= PROBLEM STATEMENT =
Could you output the listing that follows exactly, without its images?

= DATA BLOCK =
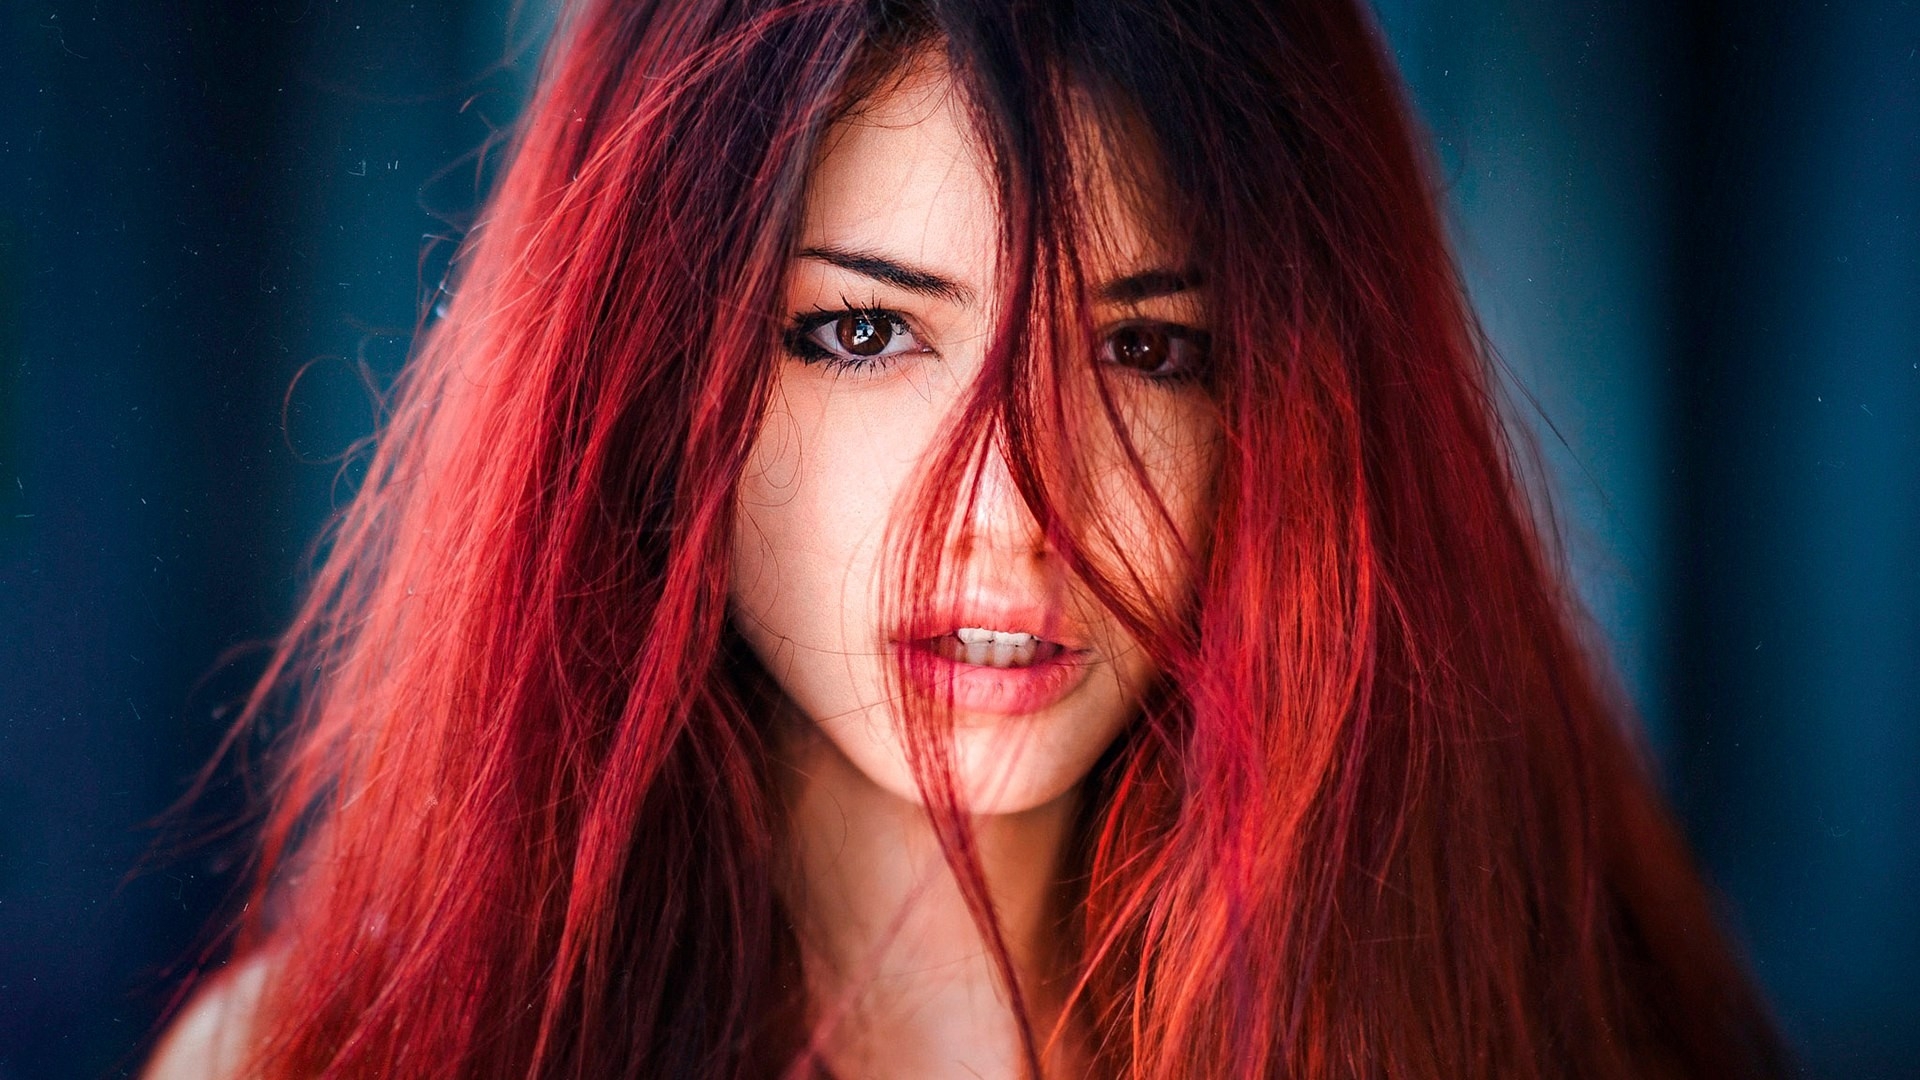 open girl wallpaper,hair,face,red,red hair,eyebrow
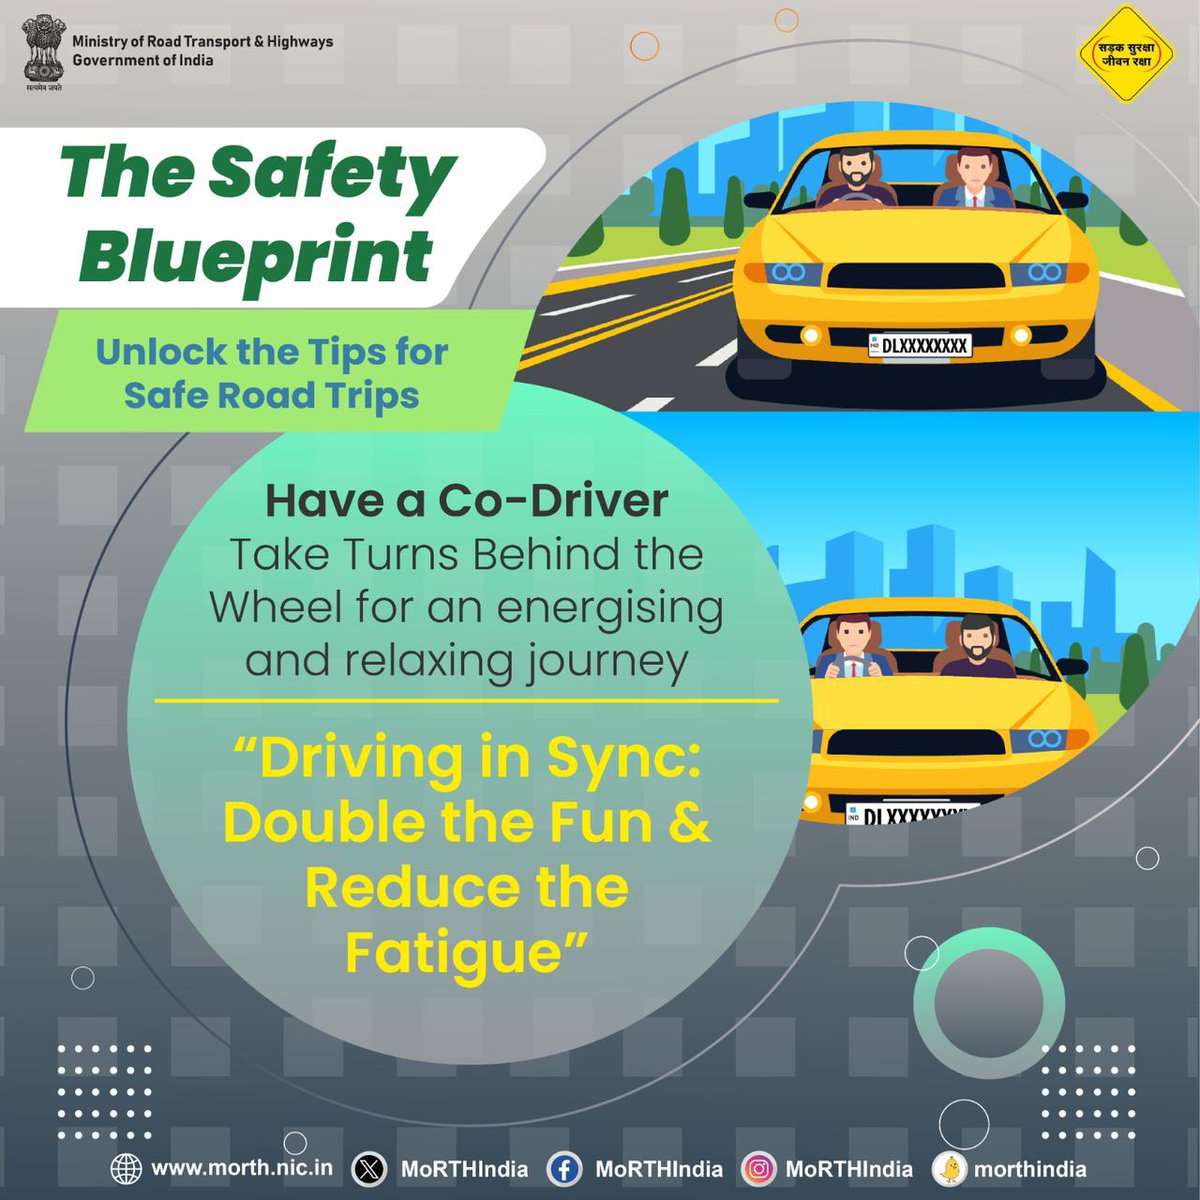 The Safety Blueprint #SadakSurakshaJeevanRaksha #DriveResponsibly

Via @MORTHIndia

= EXERCISE ANSWER =
 open girl wallpaper,hair,face,red,red hair,eyebrow
 The Safety Blueprint #SadakSurakshaJeevanRaksha #DriveResponsibly

Via @MORTHIndia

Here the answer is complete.